Module Idas.Adjoint.Dls

module Dls: sig .. end

Direct Linear Solvers operating on dense, banded, and sparse matrices.


include Sundials_LinearSolver.Direct
type 'm jac_fn_no_sens = (Sundials.RealArray.t Idas.Adjoint.triple, Sundials.RealArray.t)
Idas.Adjoint.jacobian_arg -> 'm -> unit

Callback functions that compute dense approximations to a Jacobian matrix without forward sensitivities. In the call jac arg jm, arg is a Idas.Adjoint.jacobian_arg with three work vectors and the computed Jacobian must be stored in jm.

The callback should load the (i,j)th entry of jm with $\frac{\partial F_i}{\partial y_j} + c_j\frac{\partial F_i}{\partial\dot{y}_j}$, i.e., the partial derivative of the ith equation with respect to the jth variable, evaluated at the values of t, y, and y' obtained from arg. Only nonzero elements need be loaded into jm.

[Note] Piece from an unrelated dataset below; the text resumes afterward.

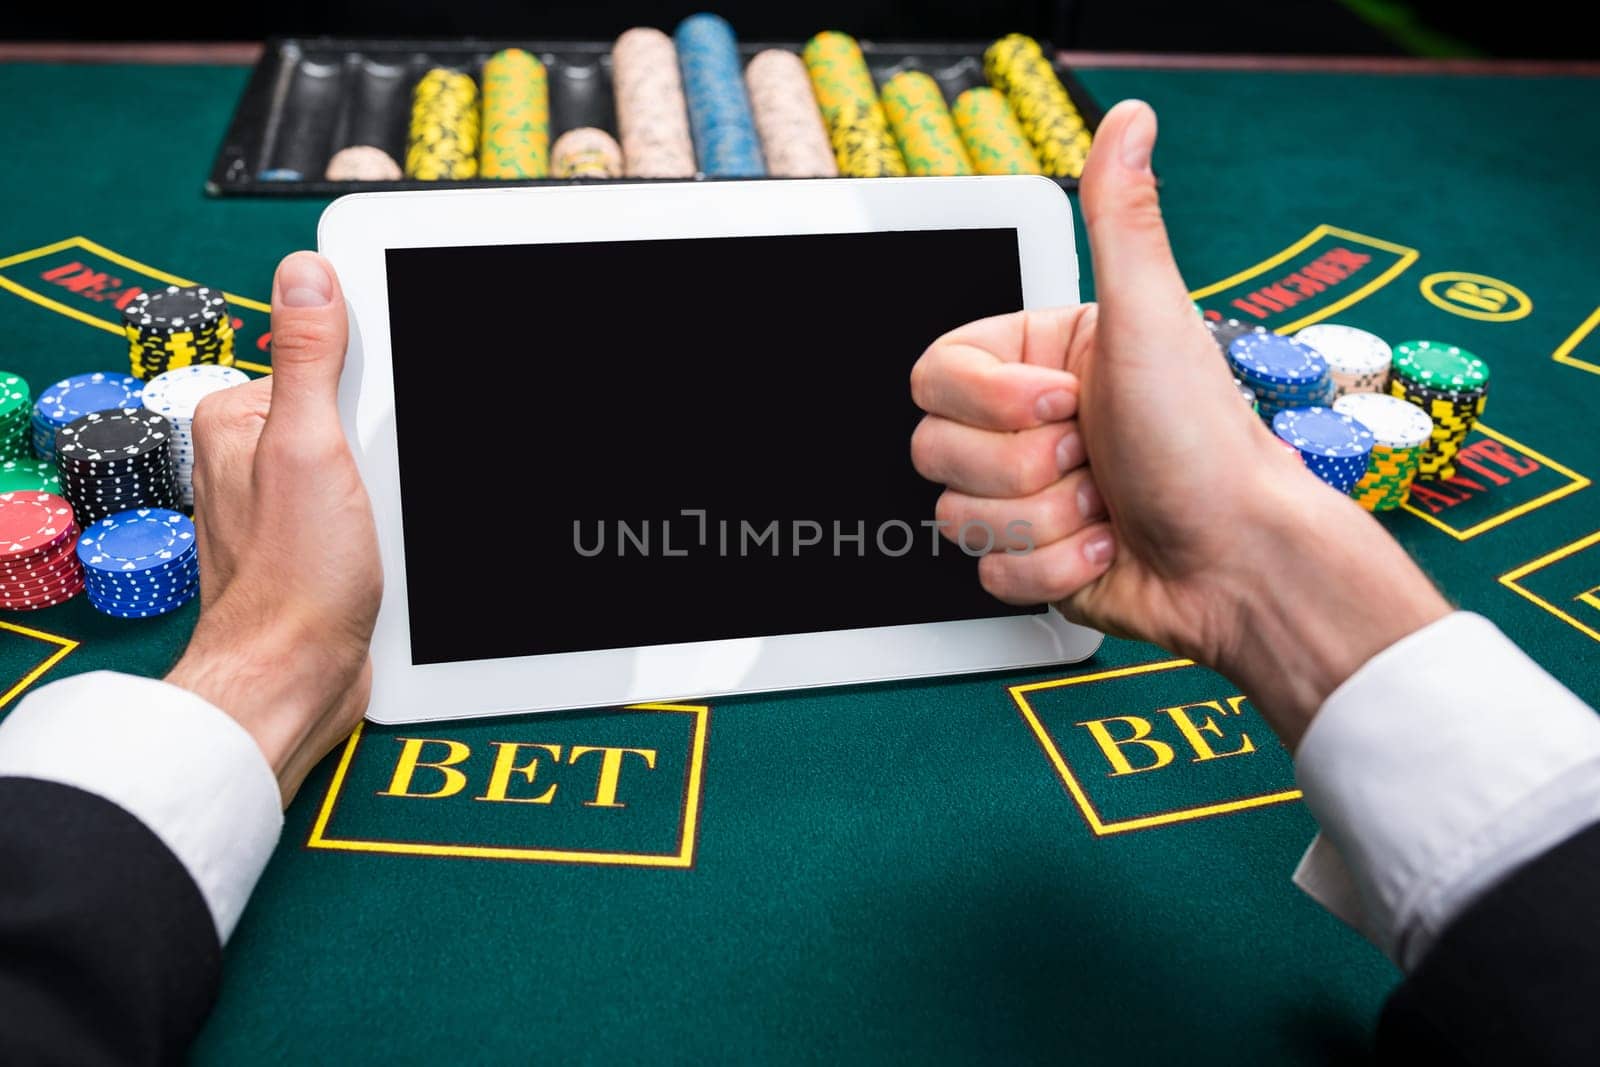 casino, online gambling, technology and people concept - close up of poker player with playing cards, tablet and chips at green casino table. first-person view.

Raising Sundials.RecoverableFailure indicates a recoverable error. Any other exception is treated as an unrecoverable error.

Neither the elements of arg nor the matrix jm should be accessed after the function has returned.

type 'm jac_fn_with_sens = (Sundials.RealArray.t Idas.Adjoint.triple, Sundials.RealArray.t)
Idas.Adjoint.jacobian_arg ->
Sundials.RealArray.t array -> Sundials.RealArray.t array -> 'm -> unit

Callback functions that compute dense approximations to a Jacobian matrix with forward sensitivities. In the call jac arg ys yps jm, arg is a Idas.Adjoint.jacobian_arg with three work vectors, ys contains the sensitivities of the forward solution, yps contains the derivatives of the forward solution sensitivities, and the computed Jacobian must be stored in jm.

The callback should load the (i,j)th entry of jm with $\frac{\partial F_i}{\partial y_j} + c_j\frac{\partial F_i}{\partial\dot{y}_j}$, i.e., the partial derivative of the ith equation with respect to the jth variable, evaluated at the values of t, y, and y' obtained from arg. Only nonzero elements need be loaded into jm.

Raising Sundials.RecoverableFailure indicates a recoverable error. Any other exception is treated as an unrecoverable error.

Neither the elements of arg nor the matrix jm should be accessed after the function has returned.

type 'm jac_fn = 
| NoSens of 'm jac_fn_no_sens (*

Does not depend on forward sensitivities.

*)
| WithSens of 'm jac_fn_with_sens (*

Depends on forward sensitivities.

*)

Callback functions that compute dense approximations to a Jacobian matrix.

val solver : ?jac:'m jac_fn ->
('m, Sundials.RealArray.t, [> Nvector_serial.kind ] as 'a, 't)
Sundials.LinearSolver.t -> 'a Idas.Adjoint.serial_linear_solver

Create an Idas-specific linear solver from a Jacobian approximation function and a generic direct linear solver. The Jacobian approximation function is optional for dense and banded solvers (if not given an internal difference quotient approximation is used), but must be provided for other solvers (or Invalid_argument is raised).

Solver statistics

val get_work_space : [> Nvector_serial.kind ] Idas.Adjoint.serial_bsession -> int * int

Returns the sizes of the real and integer workspaces used by a direct linear solver.

val get_num_jac_evals : [> Nvector_serial.kind ] Idas.Adjoint.serial_bsession -> int

Returns the number of calls made by a direct linear solver to the Jacobian approximation function.

val get_num_lin_res_evals : [> Nvector_serial.kind ] Idas.Adjoint.serial_bsession -> int

Returns the number of calls to the residual callback due to the finite difference Jacobian approximation.